Unlike Pein, Sasuke is given full knowledge on his opponents. 

Gakidou/Tendou are the only Paths that are surviving a barrage of Susano'o projectiles (covered in Amaterasu), and Sasuke can *easily* mow through them afterward.

Aoda or Kirin > Gakidou
Susano'o projectiles > ST interval


They don't stand a chance.


----------



## Paine? (Sep 9, 2013)

6 god tier lvl nin Vs Sasuke???

Deva Pein pushes sasuke to the ground with his gravity abilities and he gets stabbed with chakra rods.


----------



## Joakim3 (Sep 9, 2013)

EMS Sasuke utterly child stomps if Tendo starts on cool down


----------



## Stermor (Sep 9, 2013)

what kind fight would it be against pain.. full knowlegde helps against pain.. but knowlegde helps pain alot more then sasuke.. 

pain with knowlegde just says shinra tensei the one large enough to blow boss summons away.. susanoo will be blown away aswell.. regardless of damage.. it will create distance.. 
'so then pain just uses the time to use chibaku tensei.. while sasuke is still recovering/returning.. 

anyway sasuke cannot beat pain unless pain makes a mistake or is asleep...



King Itachi said:


> Unlike Pein, Sasuke is given full knowledge on his opponents.
> 
> Gakidou/Tendou are the only Paths that are surviving a barrage of Susano'o projectiles (covered in Amaterasu), and Sasuke can *easily* mow through them afterward.
> 
> ...



uhm why would they get hit?? don't you think preta can just stand infront of them ? or pain just uses a shinra tensei and fucks the hole attack.. or a large summon block line of sight.. 

lol pain is not falling to amaterasu... 

then there is the fact sasuke is still slower then pain..


----------



## Gunstarvillain (Sep 9, 2013)

I actually gave this thought if sasuke wins he will have to start in v4 sussuno. Now call me crazy but that limits his movement leaving himself open the the death beam arm being spamed while his summons are attacking and then drain him.

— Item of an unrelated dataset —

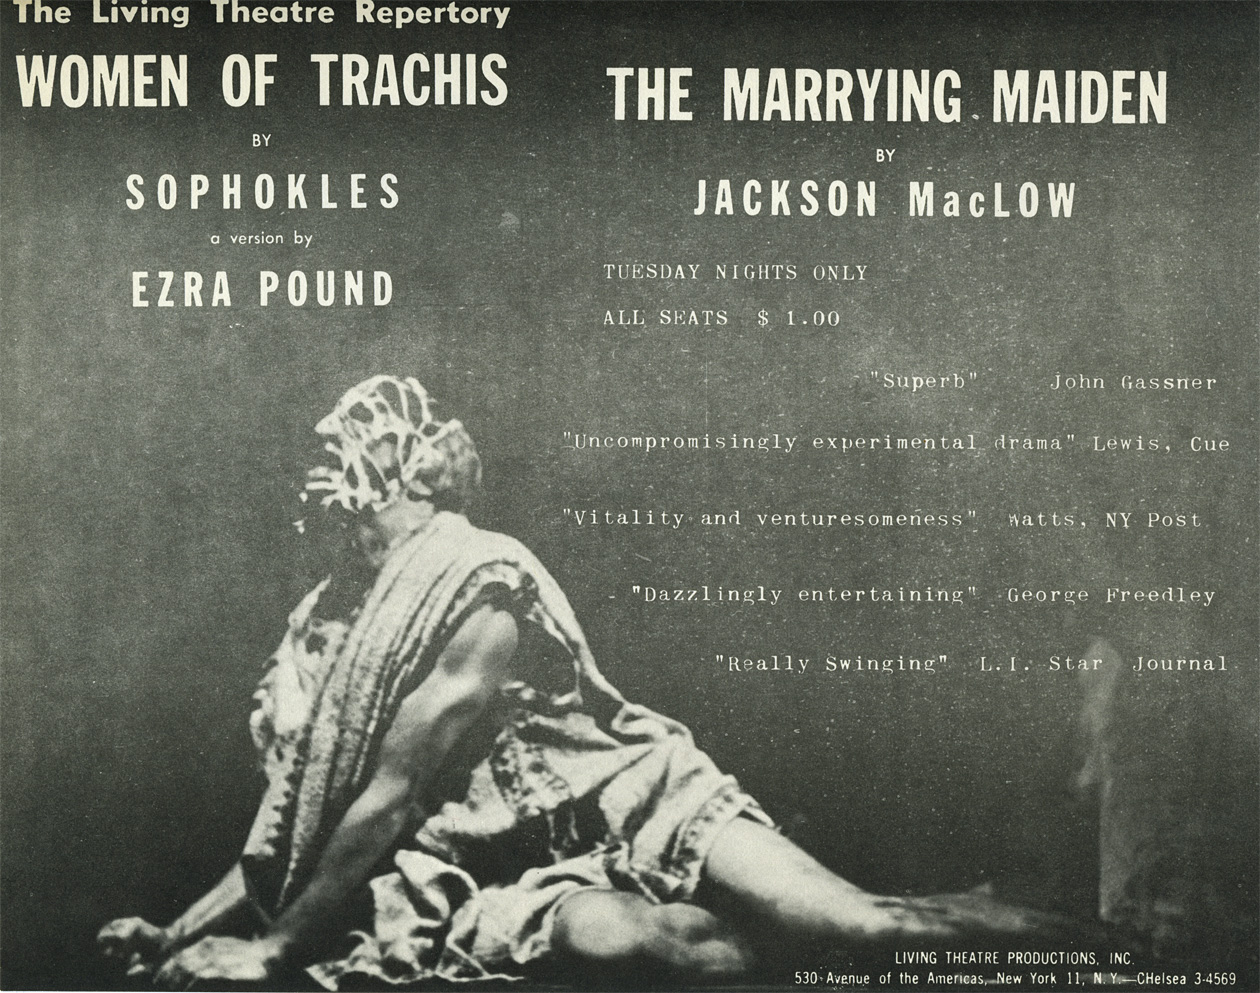 The Living Theatre presents Women of Trachis by Sophocles, a version by Ezra Pound and The Marrying Maiden by Jackson MacLow, Tuesdays, 1960.  9 x 7 inches.

Or is this deva and not nagato


----------



## adeshina365 (Sep 9, 2013)

A lot of you aren't even reading the OP...


----------



## Bonly (Sep 9, 2013)

Stermor said:


> what kind fight would it be against pain.. full knowlegde helps against pain.. but knowlegde helps pain alot more then sasuke..



Pain has no knowledge here so that doesn't really help, unless you mean no knowledge on Sasuke helps pain alot more then Sasuke having knowledge on pain.



> pain with knowlegde just says shinra tensei the one large enough to blow boss summons away.. susanoo will be blown away aswell.. regardless of damage.. it will create distance..
> 'so then pain just uses the time to use chibaku tensei.. while sasuke is still recovering/returning..
> 
> anyway sasuke cannot beat pain unless pain makes a mistake or is asleep....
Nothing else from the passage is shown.